14 DAY TRIAL // We know that viruses 'produce' only diseases. But what if they could produce even ... devices?
A MIT team led by Angela Belcher, a professor of materials science and biological engineering, has managed to use viruses that cling together in a solution to form fibers several centimeters long and almost as strong as a strand of nylon. This is the first time viruses have been used for making nanomaterials.
The viruses can organize themselves, lining up side by side to make an orderly model and also they can be genetically engineered to attach to and control inorganic materials like those employed in battery electrodes, transistors and solar cells.
By aligning with other viruses, the viruses can form crystalline structures employed for making high-performance devices.
Belcher's team had already obtained virus-based thin films for rechargeable batteries. Now she looks for threadlike batteries and other electronic devices that can be turned directly into clothing.

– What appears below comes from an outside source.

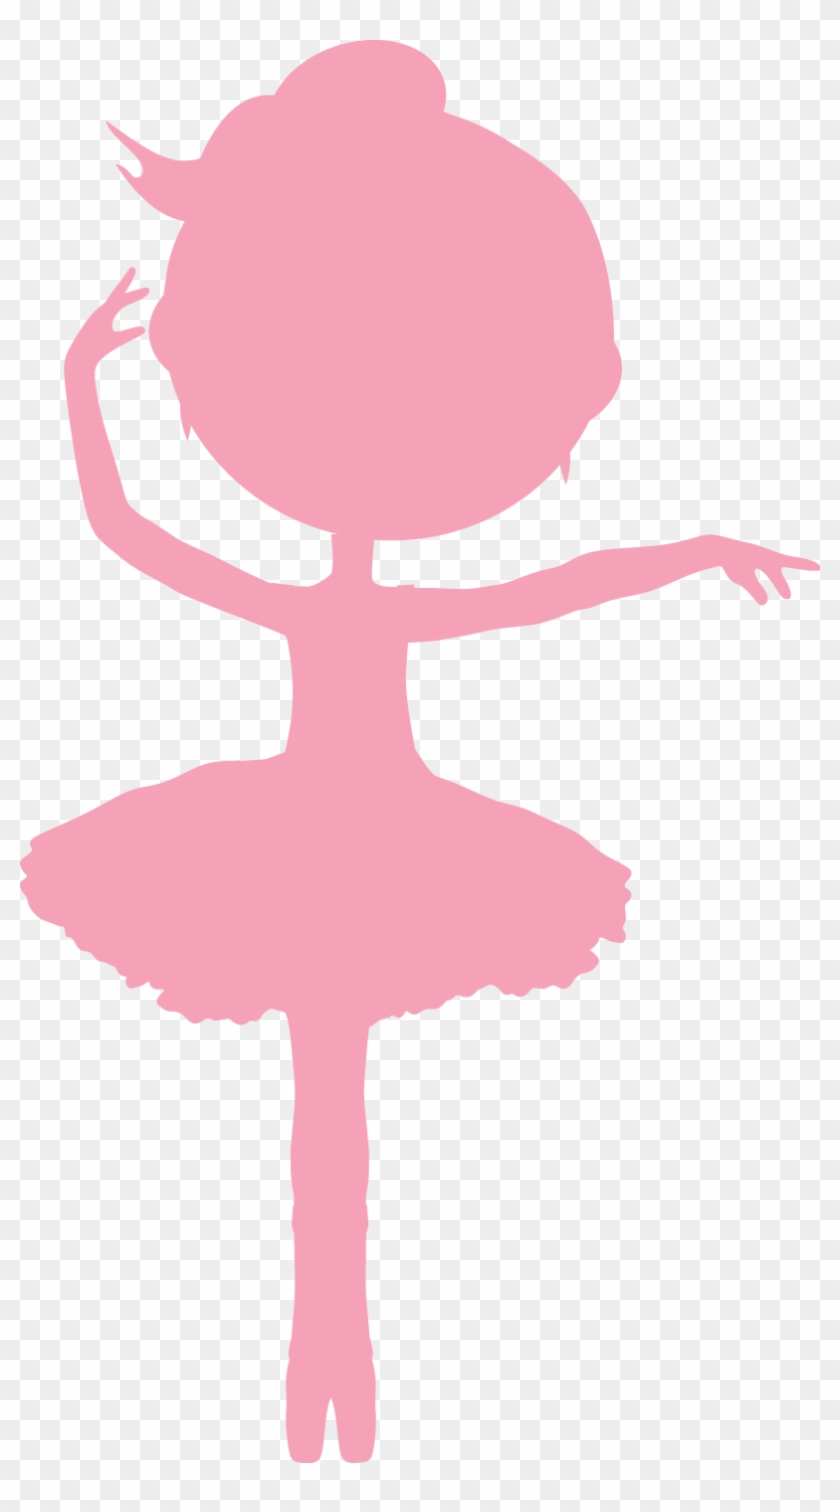 Tiny Tutus Dance Center In Moorestown, Nj Offers A - Decal #340066

"It's not really analogous to anything that's done now. It's about giving totally new kinds of functionalities to fibers." she said. U.S. Army already wants to incorporate future fibers into uniforms that could detect agents of chemical and biological warfare or capture sun energy to power portable electronic devices, like night-vision equipment.

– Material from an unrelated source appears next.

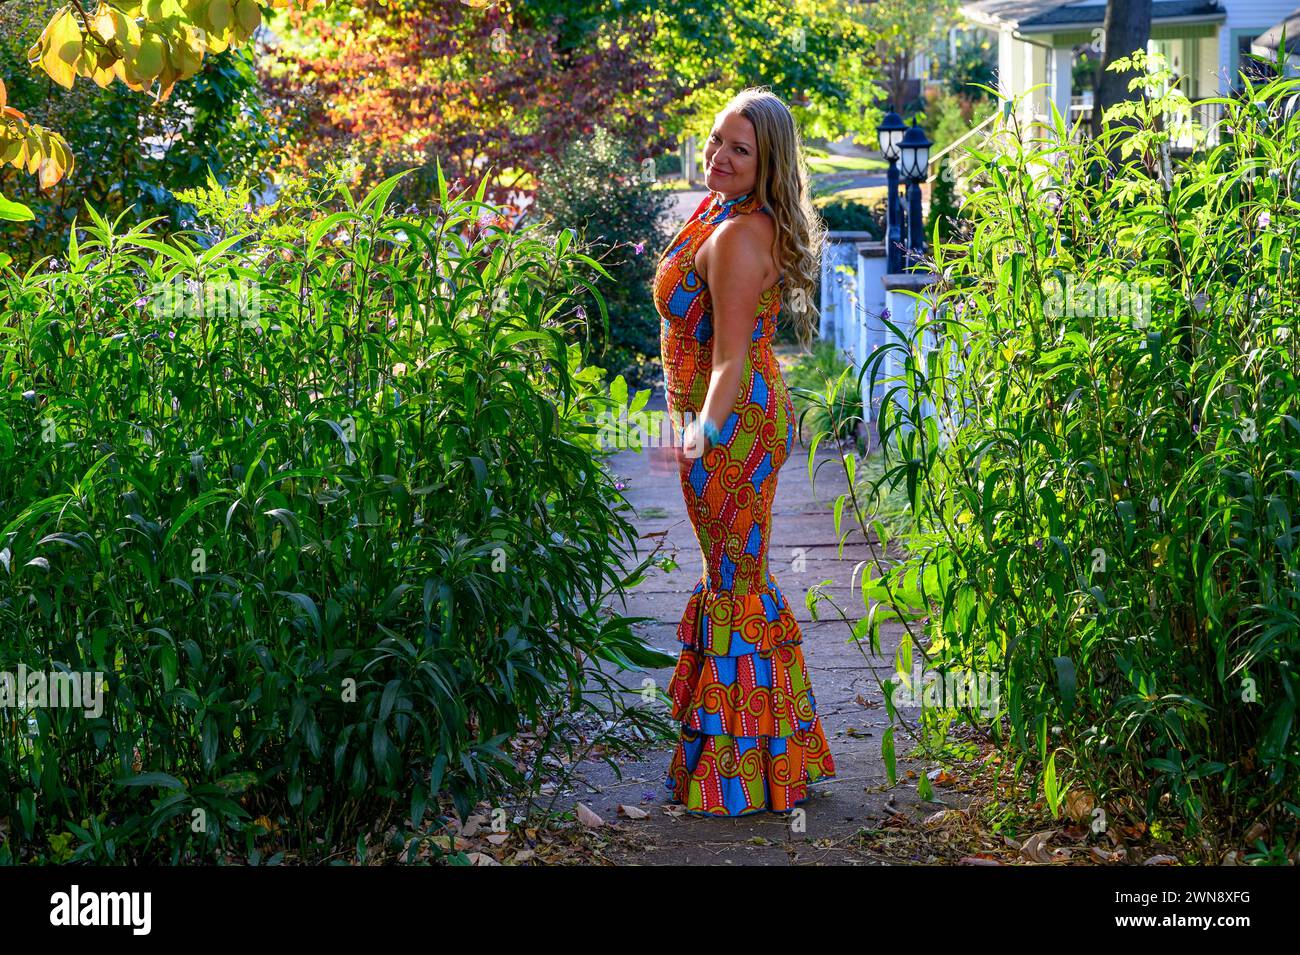 40 year old blond woman posing in a colorful dress outdoors. Stock Photo

"While such uniforms will probably take decades to develop, Belcher's work has paved the way for them," said Charlene Mello, a macromolecular scientist at the Natick Soldier Research, Development and Engineering Center in Natick, MA.

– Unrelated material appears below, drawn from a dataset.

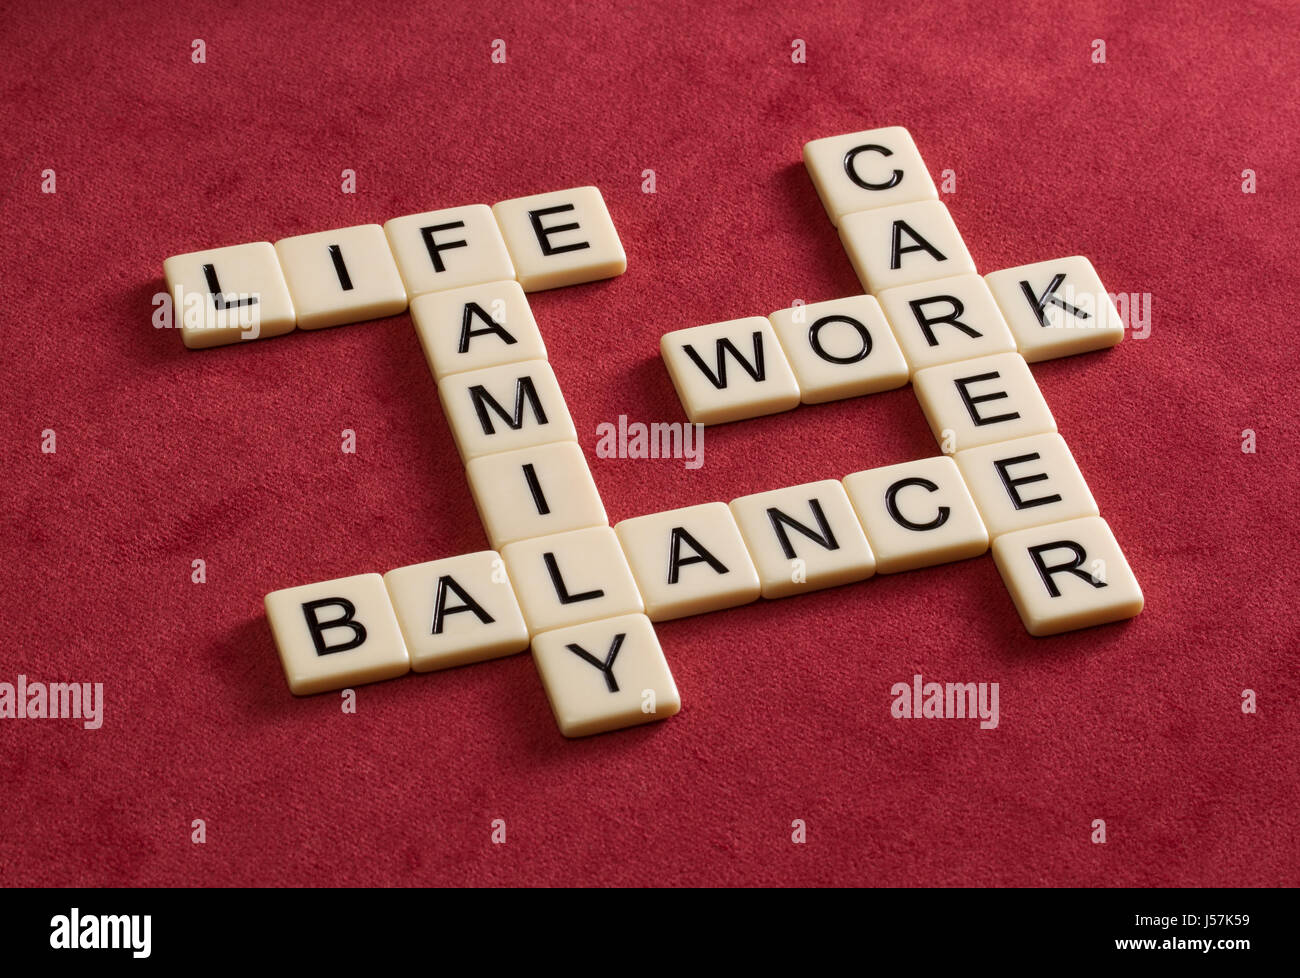 Crossword puzzle with words Life, Work and Balance. Life Management concept. Ivory tiles with capital letters on red velure. Stock Photo

The team already uses different methods to obtain various types of virus fibers. A mutation of the virus DNA makes the proteins of the viral body to have extra copies of a specific amino acid at one end, making the protein glow in bright red when exposed to UV.
The team achieved quantum dots (semiconductor nanocrystals that emit intense light as a response to some wavelengths) with surface amine groups that attach to the overproduced amino acid. Hundreds of quantum dots gathered onto each virus make a fiber that emits light.
Belcher employed "directed evolution" to rapidly change viruses to attach to many materials: they added a randomly generated DNA stretch to each virus, encoding for a short protein (peptide) into the gene for a select protein. Due to many variations among the obtained viruses, some of them should randomly carry peptides attaching to a targeted inorganic material.
The viral solution is poured onto a target material, like a small square of gold, then the material is washed. Following a few repetitions, only the viruses that bind strongly remain. This way the team rapidly achieves viruses to attach to a particular material, even if they did not have before a DNA stretch known to work. The right viruses can be easily spun into a fiber.
To further strengthen the viral fiber, the team added a molecule to the solution that binds neighboring viruses to each other. The researchers want to make similar fibers into sensors, solar cells and batteries.
Two types of virus fibers can be achieved: one functioning as a negative battery electrode and another as a positive electrode. By twisting the two fibers together, with a polymer electrolyte in between, a rechargeable battery could be woven into uniforms.